Let $J$ have an extremum for $y=\hat y$.

Let the second variation $\delta^2 J\sqbrk{\hat y;h}$ be strongly positive with respect to $h$.

Then $J$ acquires the minimum for $y=\hat y$ .


By assumption, $J$ has an extremum for $y=\hat y$:

$\delta J\sqbrk{\hat y;h}=0$

The increment is expressible then as:

$\Delta J\sqbrk{\hat y;h}=\delta^2 J\sqbrk{\hat y;h}+\epsilon\size {h}^2$

where $\epsilon\to 0$ as $\size h\to 0$.

By assumption, the second variation is strongly positive:

$\delta^2 J\sqbrk{\hat y;h}\ge k\size {h}^2,\quad k\in\R_{>0}$


$\Delta J\sqbrk{\hat y;h}\ge\paren {k+\epsilon} \size {h}^2$

What remains to be shown is that there exists a set of $h$ such that $\epsilon$ is small enough so that right hand side is always positive.

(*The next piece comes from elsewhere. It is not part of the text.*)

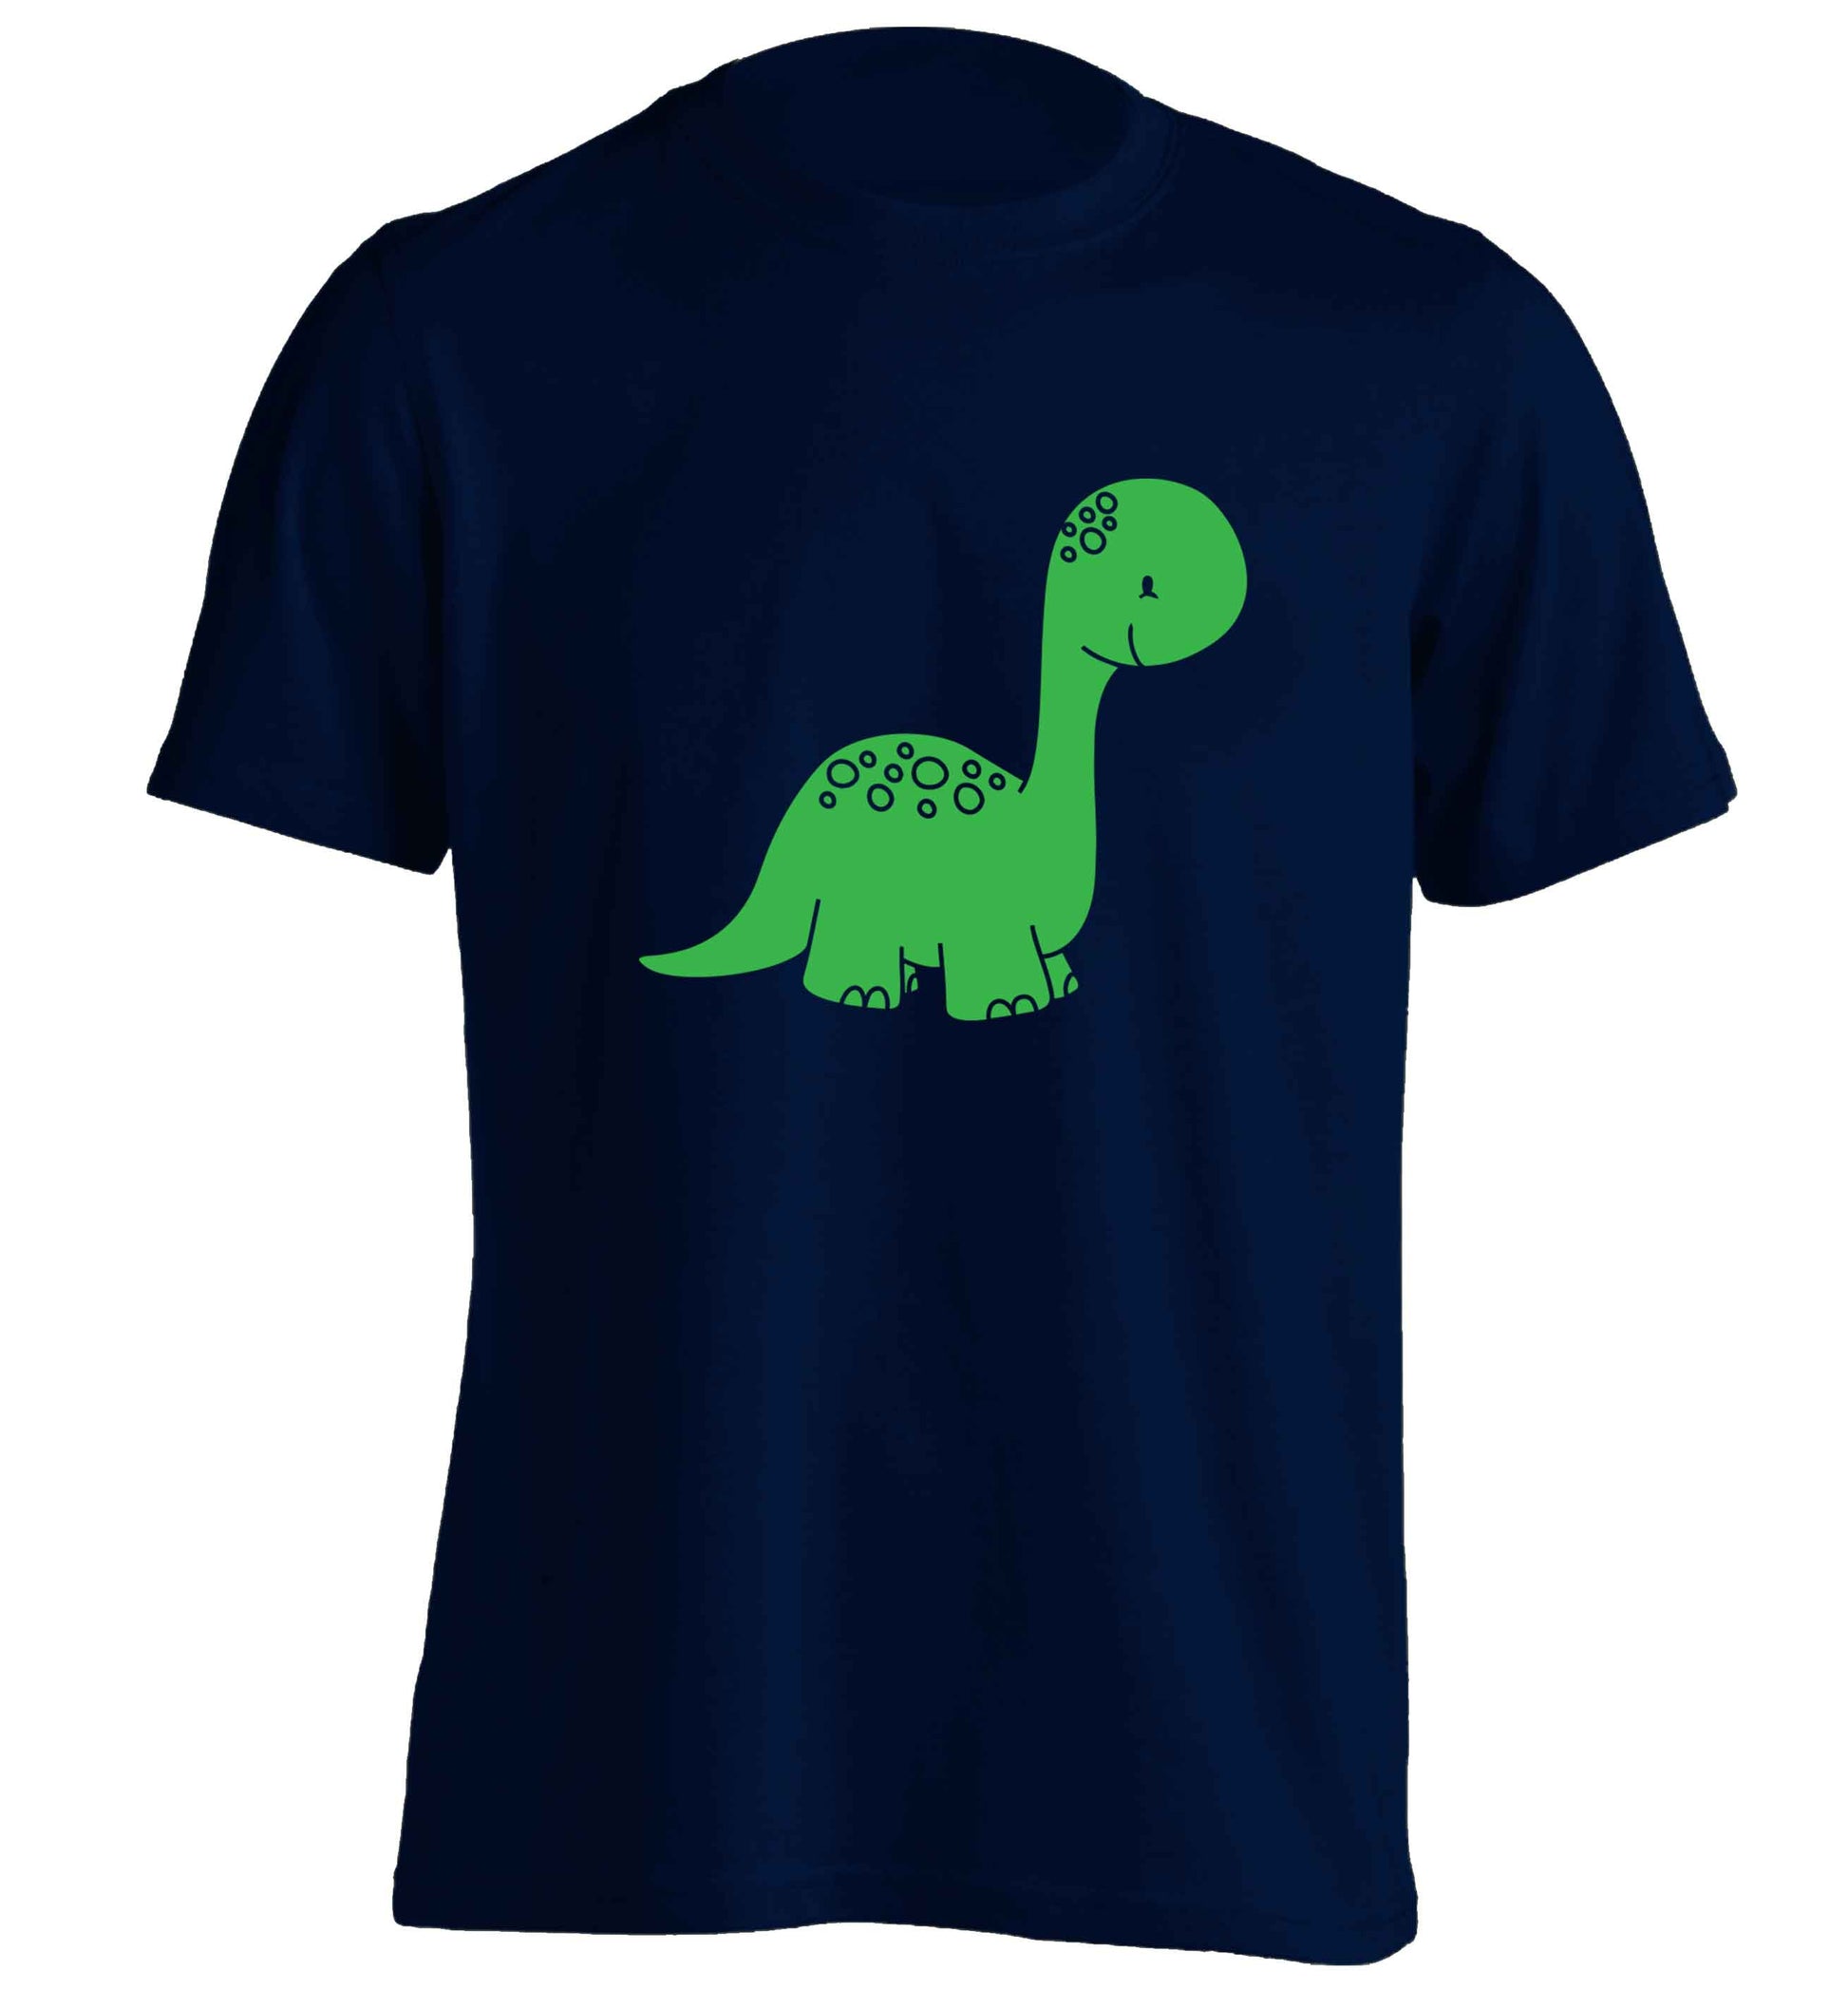 Dinosaur illustration adults unisex navy Tshirt 2XL
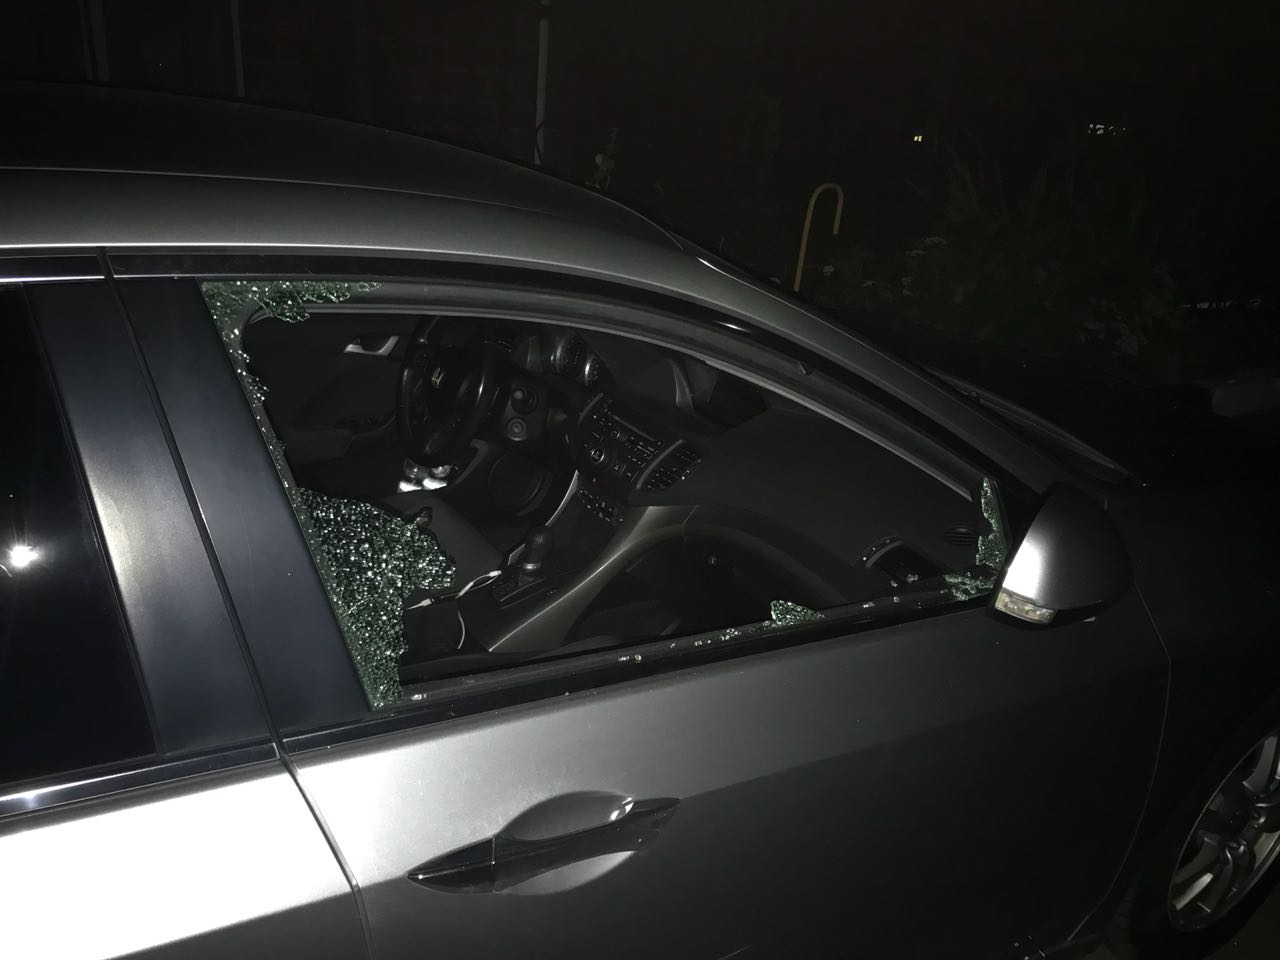 Разбиты окна машин. Разбил окно в машине. Разбитое боковое стекло. Разбитое стекло автомобиля тонированное. Мерседес разбитое стекло.

Since $\epsilon\to 0$ as $\size h\to 0$, there exist $c\in\R_{>0}$, such that

$\size h<c\implies\size \epsilon<\frac 1 2 k$

Choose $h$ such that this inequality holds.


\(\displaystyle \frac 1 2 k\) \(>\) \(\displaystyle \epsilon>-\frac 1 2 k\) $ \big \vert+k$, by Membership is Left Compatible with Ordinal Addition
\(\displaystyle \frac 3 2 k\) \(>\) \(\displaystyle k+\epsilon>\frac 1 2 k\) $\big\vert\cdot\size {h}^2$, by Membership is Left Compatible with Ordinal Multiplication
\(\displaystyle \frac 3 2 k\size {h}^2\) \(>\) \(\displaystyle \paren {k+\epsilon} \size {h}^2>\frac 1 2 k\size {h}^2\)


$\Delta J\sqbrk {\hat y;h}\ge\paren{k+\epsilon}\size {h}^2>\frac 1 2 k\size {h}^2 $

For $k\in\R_{>0}$ and $\size h\ne 0$ right hand side is always positive.

Thus, there exists a neighbourhood around $y=\hat y$ where the increment is always positive:

$\exists c\in\R_{>0}:\size h<c\implies\Delta J\sqbrk{\hat y;h}>0$

and $J$ has a minimum for $y=\hat y$.